Since taking office in 2000, President Paul Kagame has taken Rwanda by the cuff and driven unprecedented growth, resulting in the country being ranked the third most competitive in Sub-Saharan Africa in this year’s World Economic Forum global competitiveness report. Amongst the President’s pet topics increasing ICT availability across the East African country in a bid to drive the country’s growing economy.
Kagame launched Rwanda’s Vision 2020 in July of 2000, putting efforts to ensure access to technology and in particular high-speed Internet at its heart. His government has recognized ICT as a “cross-cutting” theme in the development of the country’s economy and society and, since winning the country’s first ever democratic elections in 2003, Kagame has overseen a programme of technological development which he sees as crucial to driving the country’s economic growth.
Building infrastructure
After a landslide win in the presidential elections of 2010 – Kagame taking 93 per cent of votes to enter into a second term of government – the government set forth a Strategic Investment Programme (SIP) laying down key areas for development over the next ten years.
The second key area was the construction of relevant ICT infrastructures, with a view to ensuring total high-speed Internet coverage across the country – including rural areas.
Between 2009 and 2011 the government invested US$95 million in a project to lay over 2,300 kilometres of fibre optic cables across the country, linking the country’s network to the undersea network cables running along the East African coast, in furtherance of the promise to expand broadband services and improve the e-commerce capacity of the country.
ICT for Education
ICT as a driver of education is key to Kagame’s strategy.
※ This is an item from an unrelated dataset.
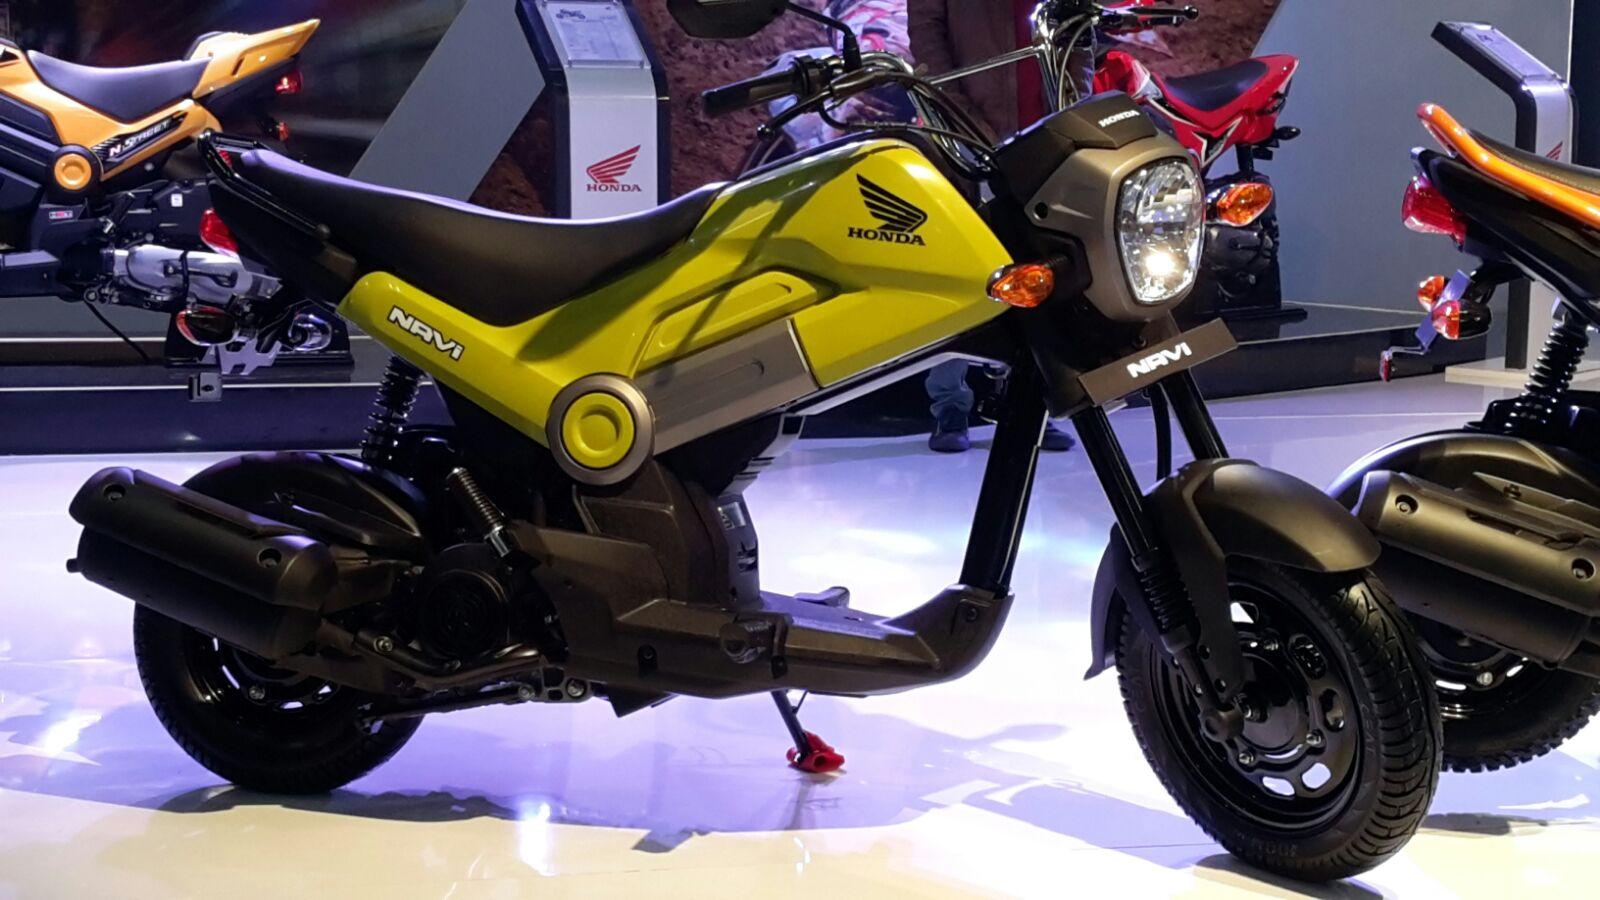 Auto Expo 2016 Launches Updates News Images: Honda Bikes At Auto Expo 2016, Honda Bikes In Delhi Auto Expo

In a country with 42 per cent unemployment or underemployment amongst the youth and 44.9 per cent of the population living under the poverty line, the President has placed a particular emphasis on the importance of equipping the youth with basic ICT skills with a view to diminishing the high unemployment levels. Rwanda now has one of the highest rates of poverty reduction in the world, displaying a 2.4 per cent drop in poverty each year.
The government has launched many initiatives linking the learning of ICT skills to the government’s free basic education for all children commitment. Under Vision 2020, Kagame promises internet access for all secondary schools by the 2020 deadline, and for the majority of primary schools.
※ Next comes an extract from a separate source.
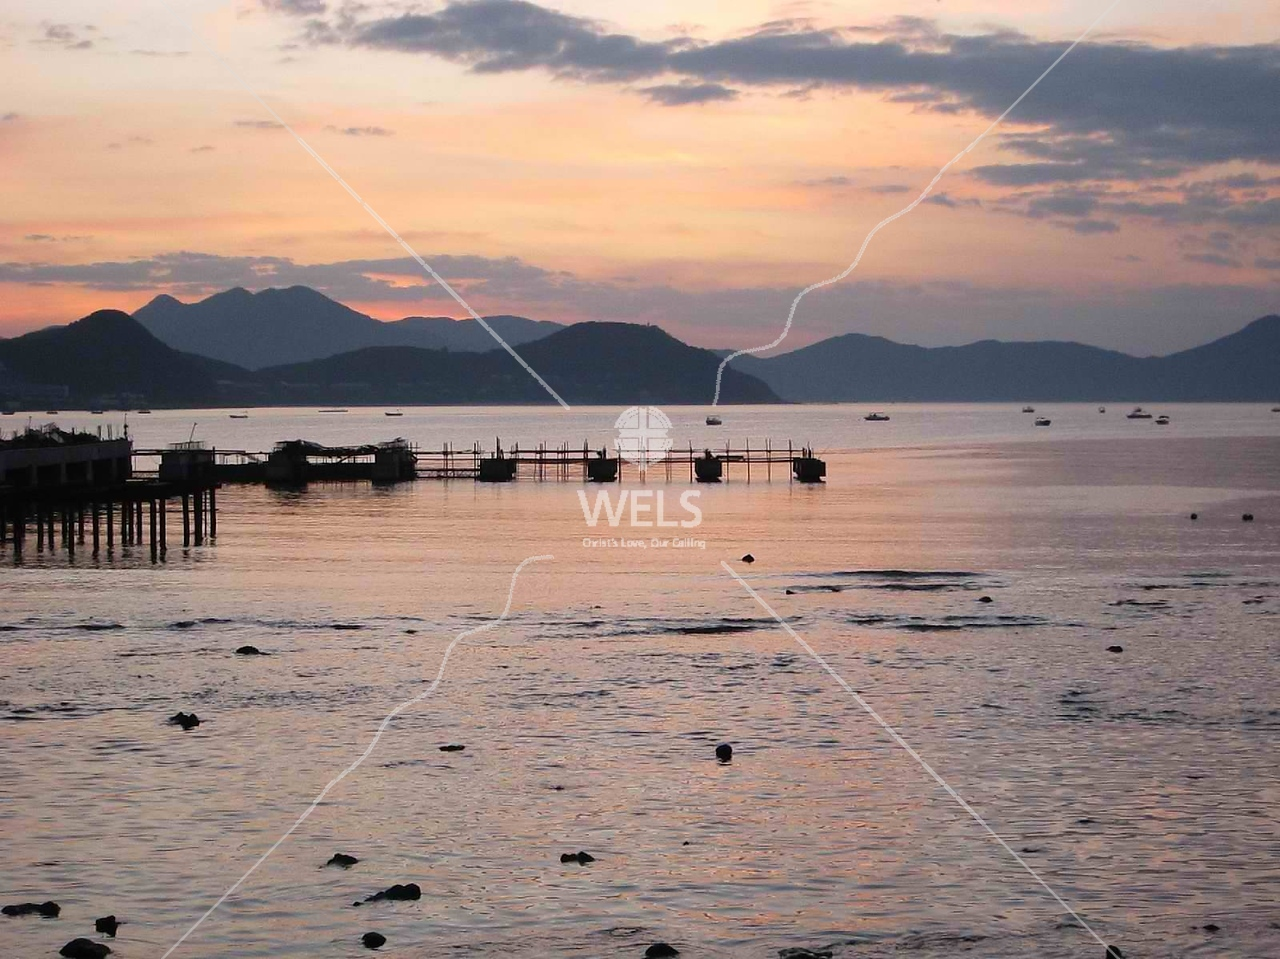 Calm Water at Sunrise, Sanya, Hainan China by kstellick

The government has – in conjunction with the One Laptop Per Child programme pledged to ensure 500,000 laptops reach primary schools across the country within the next five years.
Following a 2010 National Higher Education Council survey of recent Rwandan university graduates, it was revealed that only 9 per cent of graduates had taken ICT-related courses, contributing to low-levels of candidates with the necessary skill sets to fuel development in the ICT sector.
This has prompted redoubled efforts by the government to ensure equal access to ICT learning for all children in education; and came hand-in-hand with the government deciding to raise compulsory free education to 12 years as opposed to 9.
Recognition
Kagame has won countless international awards for his work in leading Rwanda in a constructive and democratic fashion, including numerous prestigious awards from the global ICT sector. Such awards include the World Technology Award (for Policy) by the World Technology Network (2009), the ICT Africa Award (for 2006 and 2007), and the Innovation for Peace Award by the World Summit on Innovation and Enterprise (2008) to name but a few.
Information from HumanIPO has been used in this article.